While good news for employees and job seekers, for businesses that are already navigating the pressures of inflation and increasing demand, rising compensation and competition for labour in a heated job market will continue to be a challenge.
Marwa Abdou, Senior Research Director, Business Data Lab
Key Takeaways
- The unemployment rate remains at 4.9% for the second consecutive month. This is a record low since the monthly data began in 1976.
- After returning to its pre-pandemic level for the first time in June, July marked the third consecutive decline in long-term unemployment which dropped 23K (-12.2%) to162,000.
- July experienced a decline of nearly 31K jobs, bringing the total loss of jobs since May to 74K.
- The decline in jobs appears to be slowing down, but some sectors continue to feel it more acutely than others. Employment among public sector employees fell by 51K (-1.2%) in July, the first decline in the sector in 12 months.
- In the services sector, employment fell by 53K, specifically wholesale and retail trade, health care and social assistance, and educational services. Conversely, there was a gain of net new positions of about 23K in the goods sector.
- Hours worked (on a monthly basis) declined by 0.5%. This is the third decline to hit 1.5% below the Q1 2022 peak in March. Persistent shortage of workers and lags in productivity will demand businesses rethink and retool existing jobs to maintain their bottom line and meet consumer demand.

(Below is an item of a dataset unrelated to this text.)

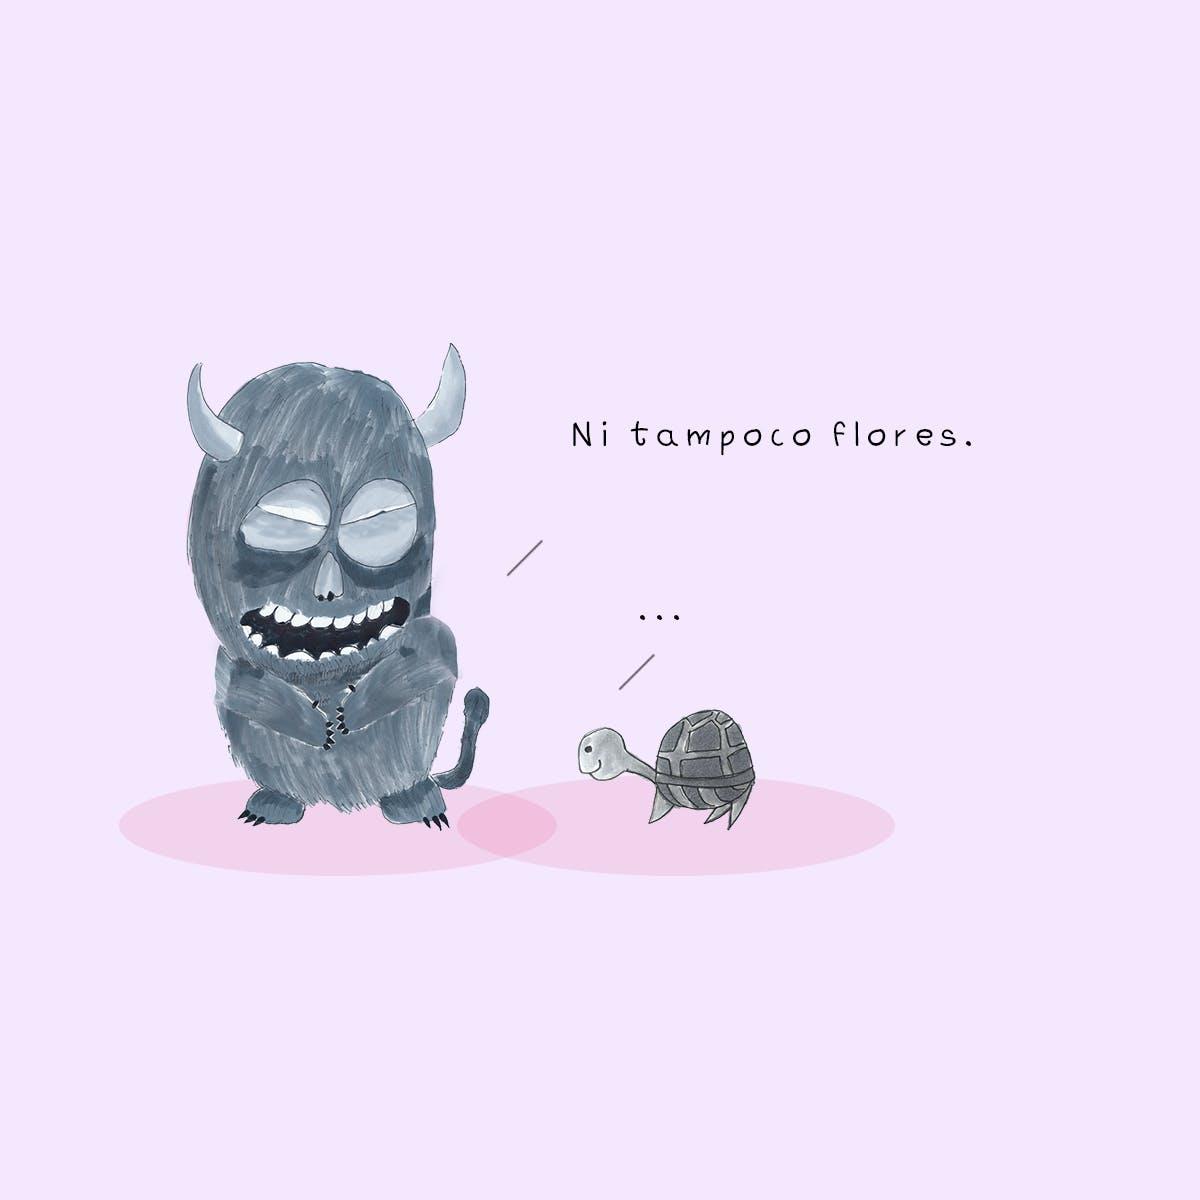 Garitma, Monstruo riendo hablando con tortuga, cómic dibujo marcador sobre papel

- Average hourly wages of employees increased by 5.2%, matching the pace of previous months’ wage growth. While this is still below inflation, it increases the chance of a wage-price spiral that would further lift inflation above the Bank of Canada’s target.
- Labour force participation decreased 0.2 percentage points to 64.7% following a 0.4 percentage point drop in June. The core-age labour force participation rate was 87.9% in July, well below the record high of 88.6% in March 2022.

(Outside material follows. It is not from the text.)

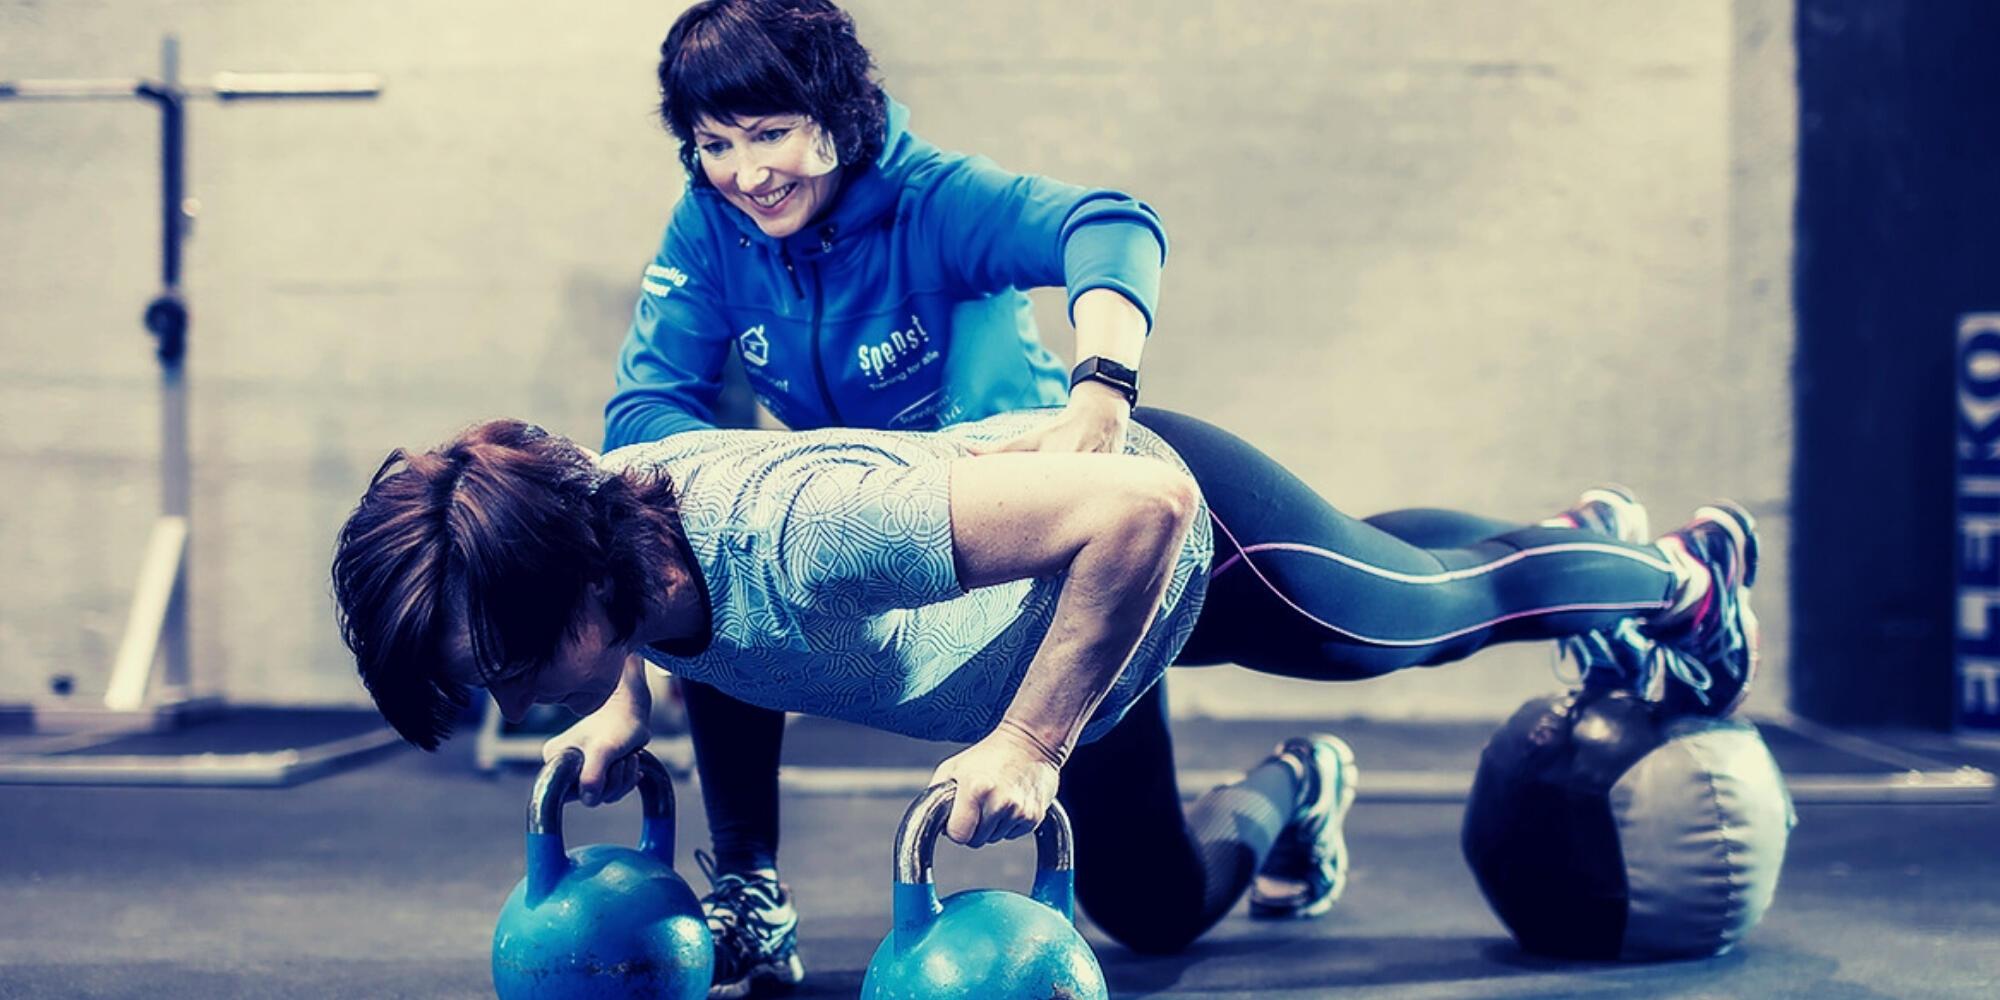 styrketrening med personlig trener

- The labour market remains exceptionally tight with low unemployment-to-job-vacancy ratio – building up steadily prior to the pandemic. The not-so-great news is we are seeing it affect health care more severely despite increased labour demand in the industry. The good news is, on the whole, there is little warning that there is an increase in the rate at which people are changing jobs or changing employment status.
- All in all, July’s data were well below the consensus projections and will likely have an impact on GDP figures for Q3 2022.